(SUPPLIED INFORMATION Opens)
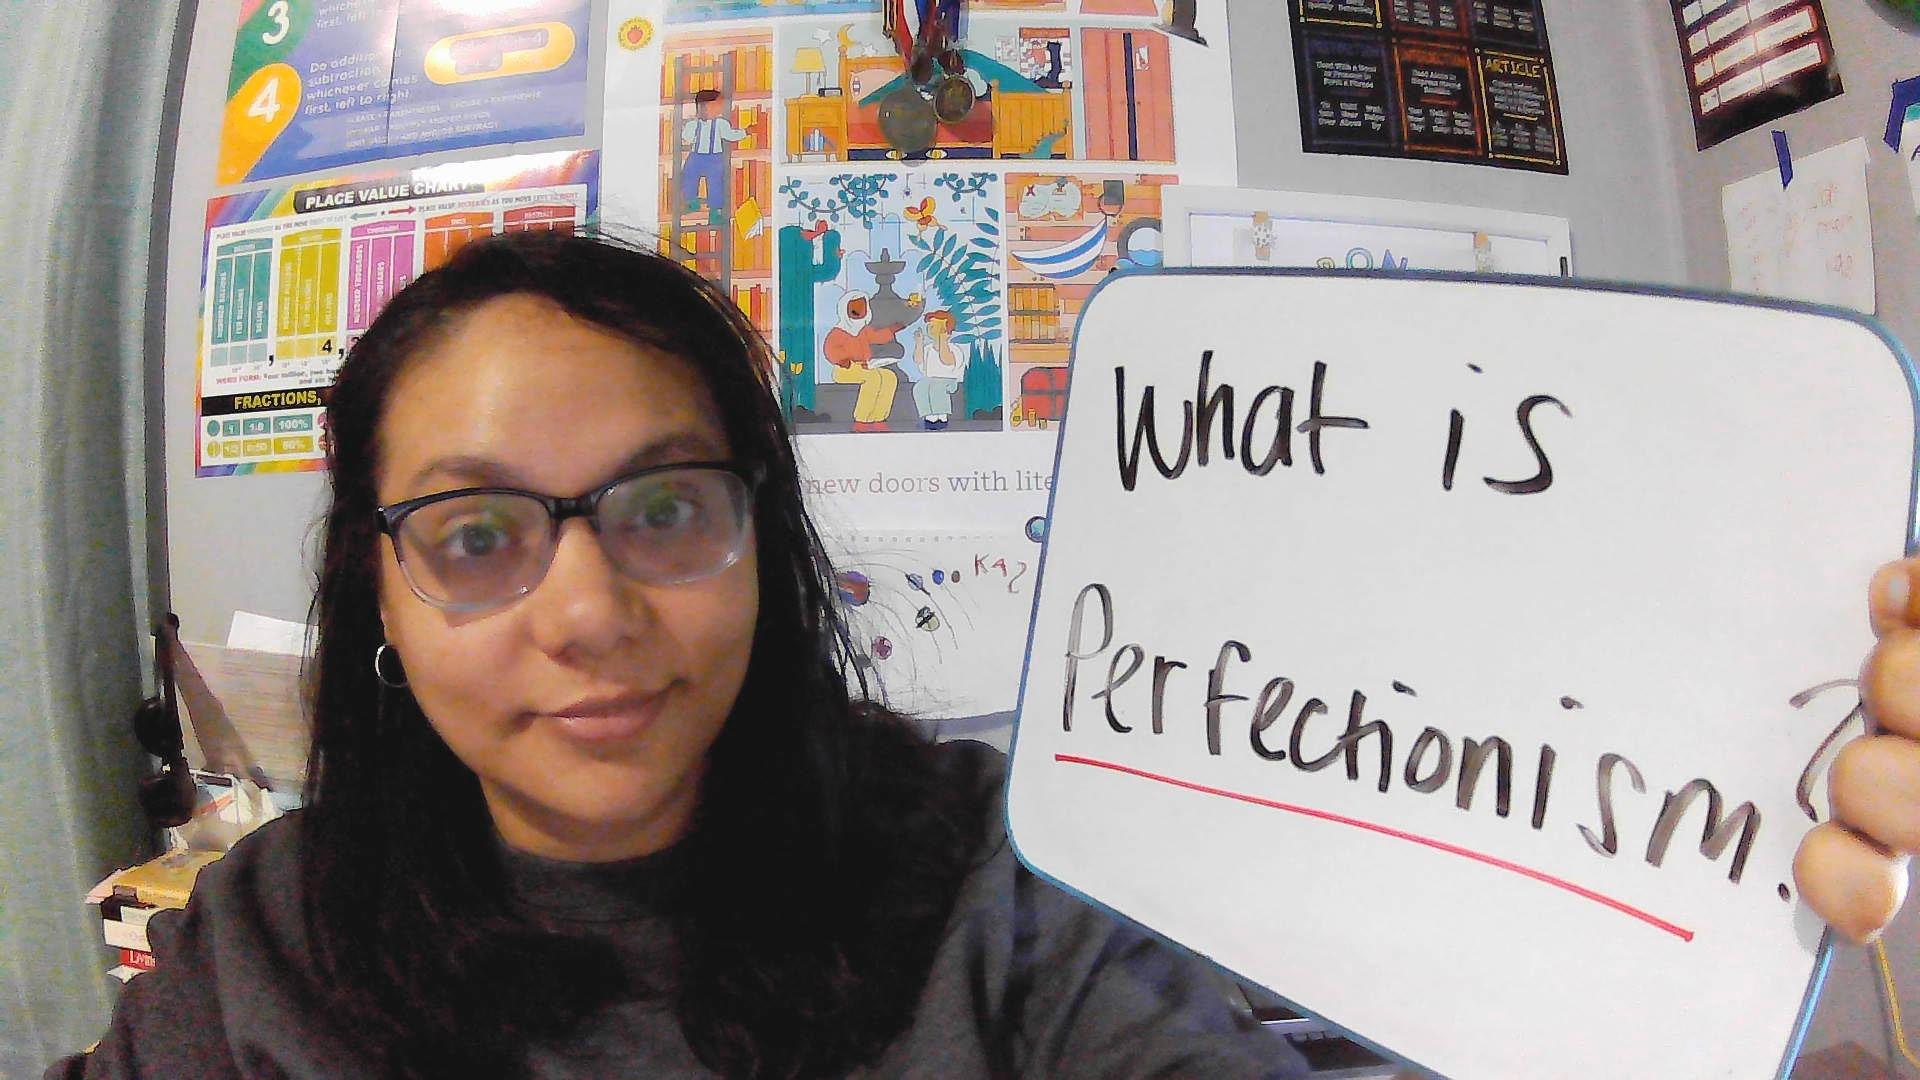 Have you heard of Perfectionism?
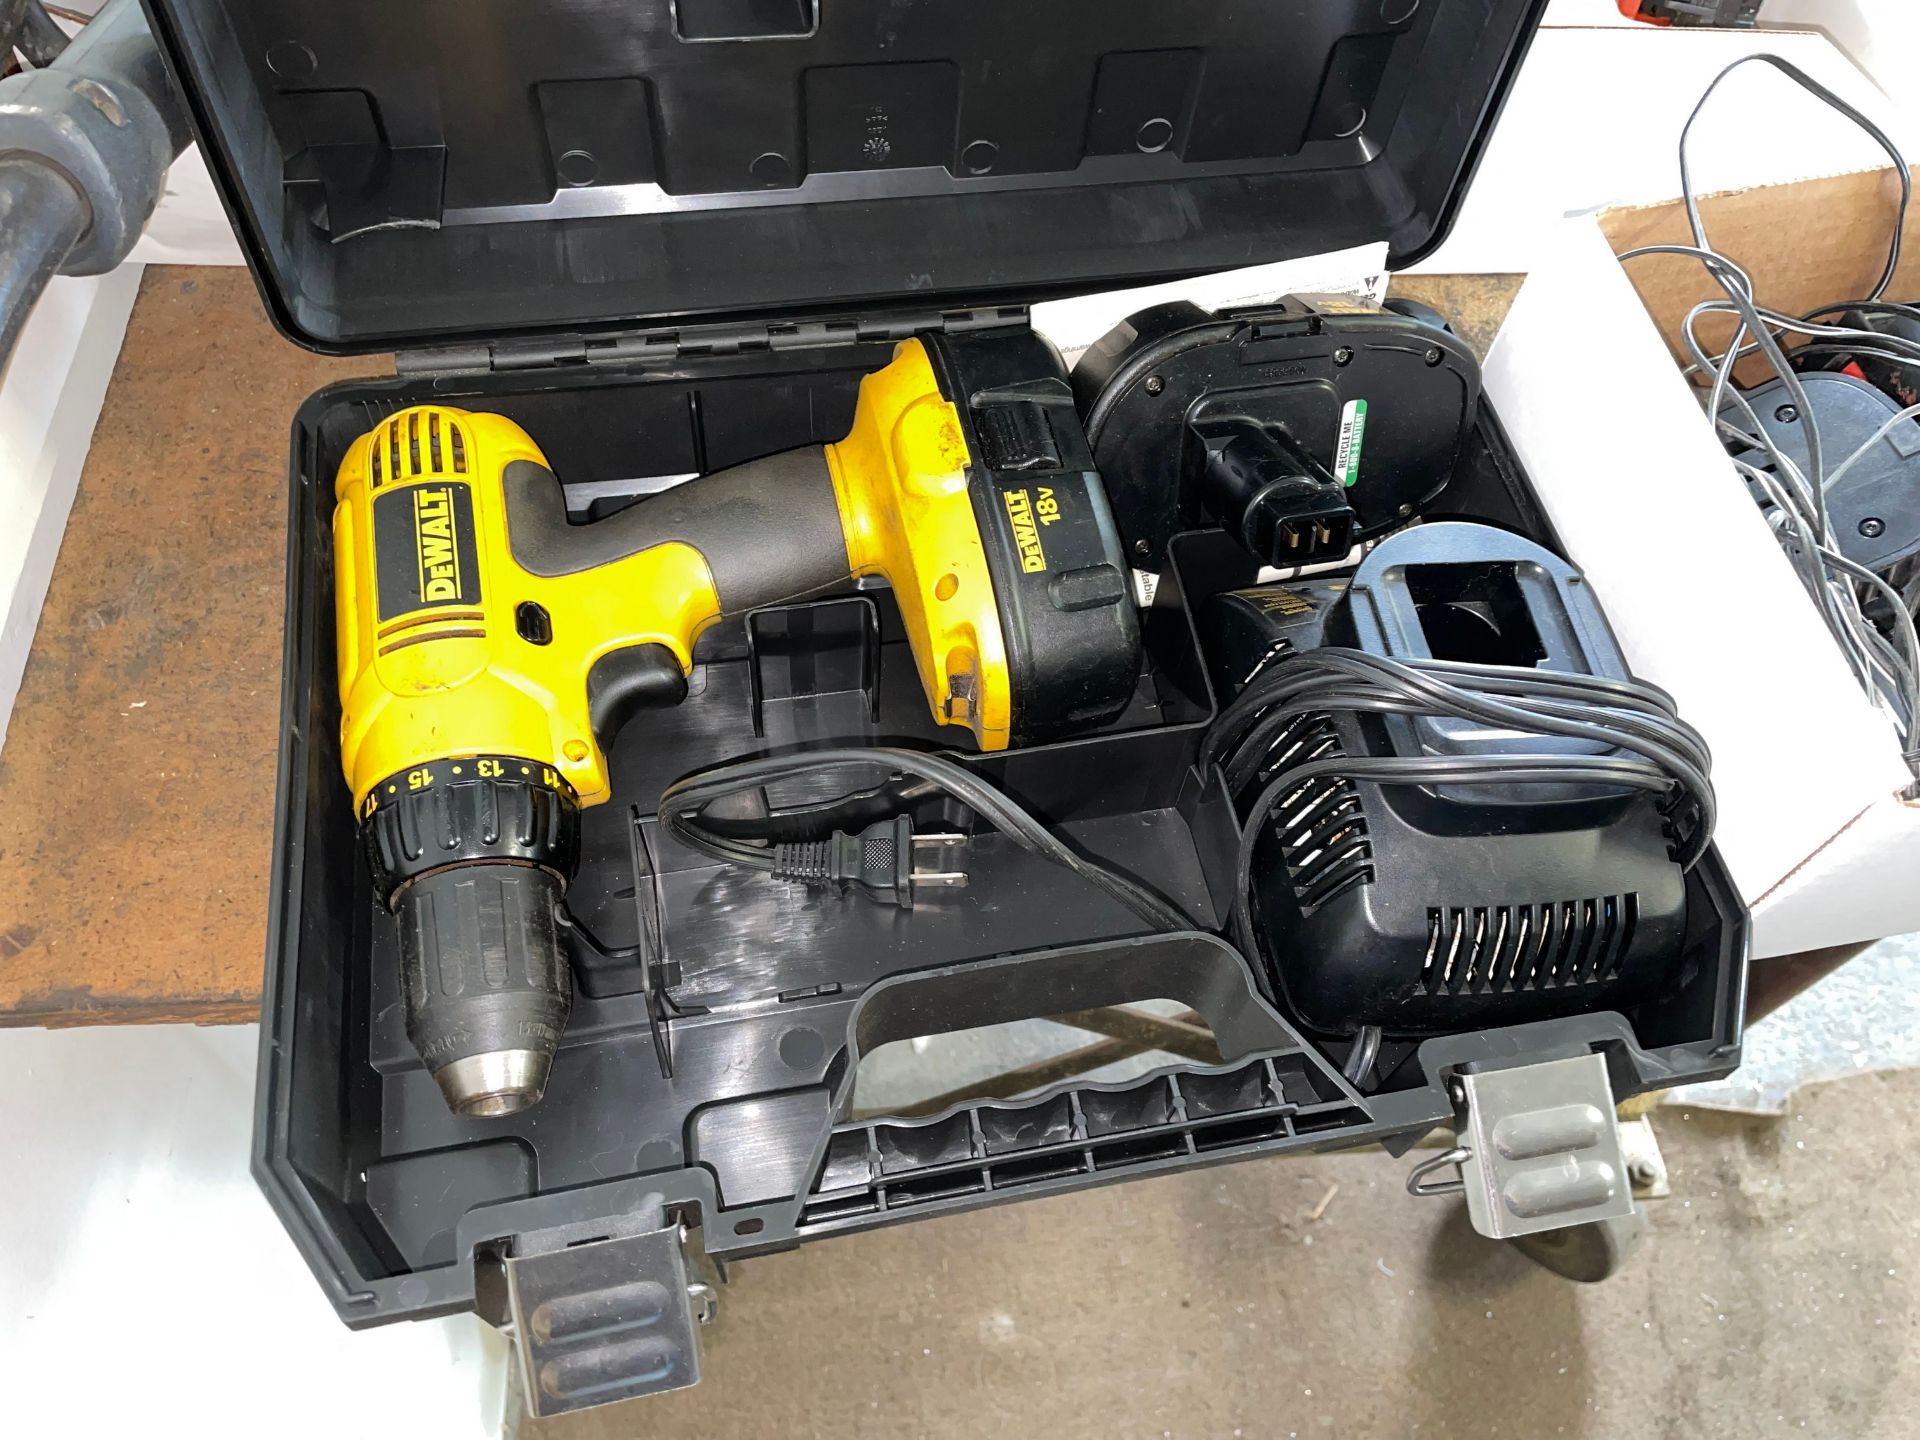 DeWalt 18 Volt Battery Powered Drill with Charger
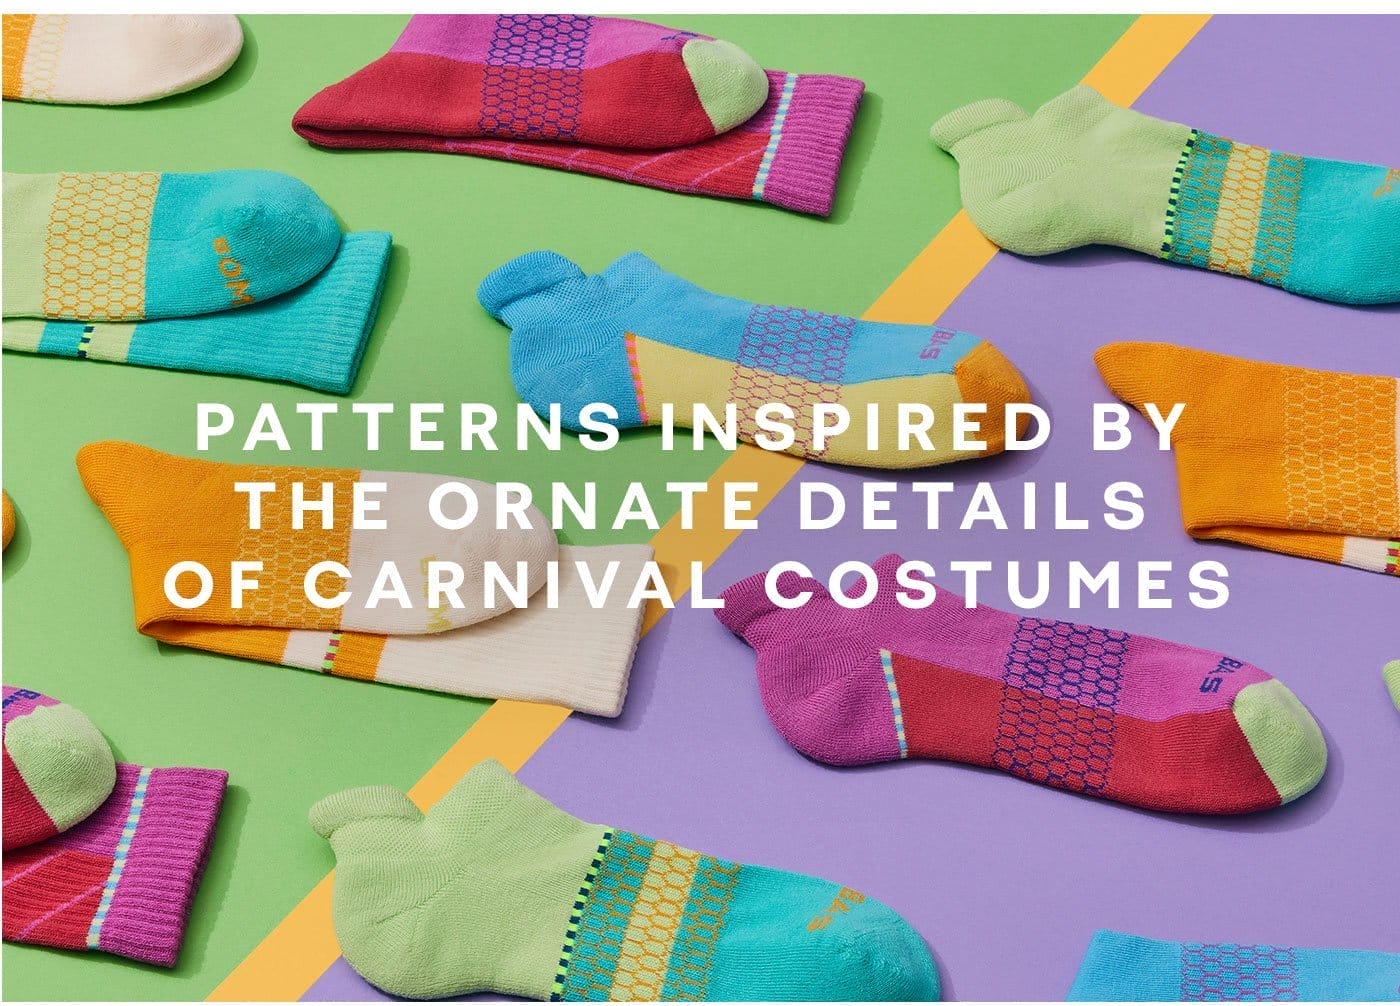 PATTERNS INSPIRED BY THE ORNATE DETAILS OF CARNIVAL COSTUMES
(SUPPLIED INFORMATION Closes)
**DESCRIPTION OF THE TASK:** Transcribe the full listing exactly, but keep every image out of it.

**TASK SOLUTION:**
 Have you heard of Perfectionism?
 DeWalt 18 Volt Battery Powered Drill with Charger
 PATTERNS INSPIRED BY THE ORNATE DETAILS OF CARNIVAL COSTUMES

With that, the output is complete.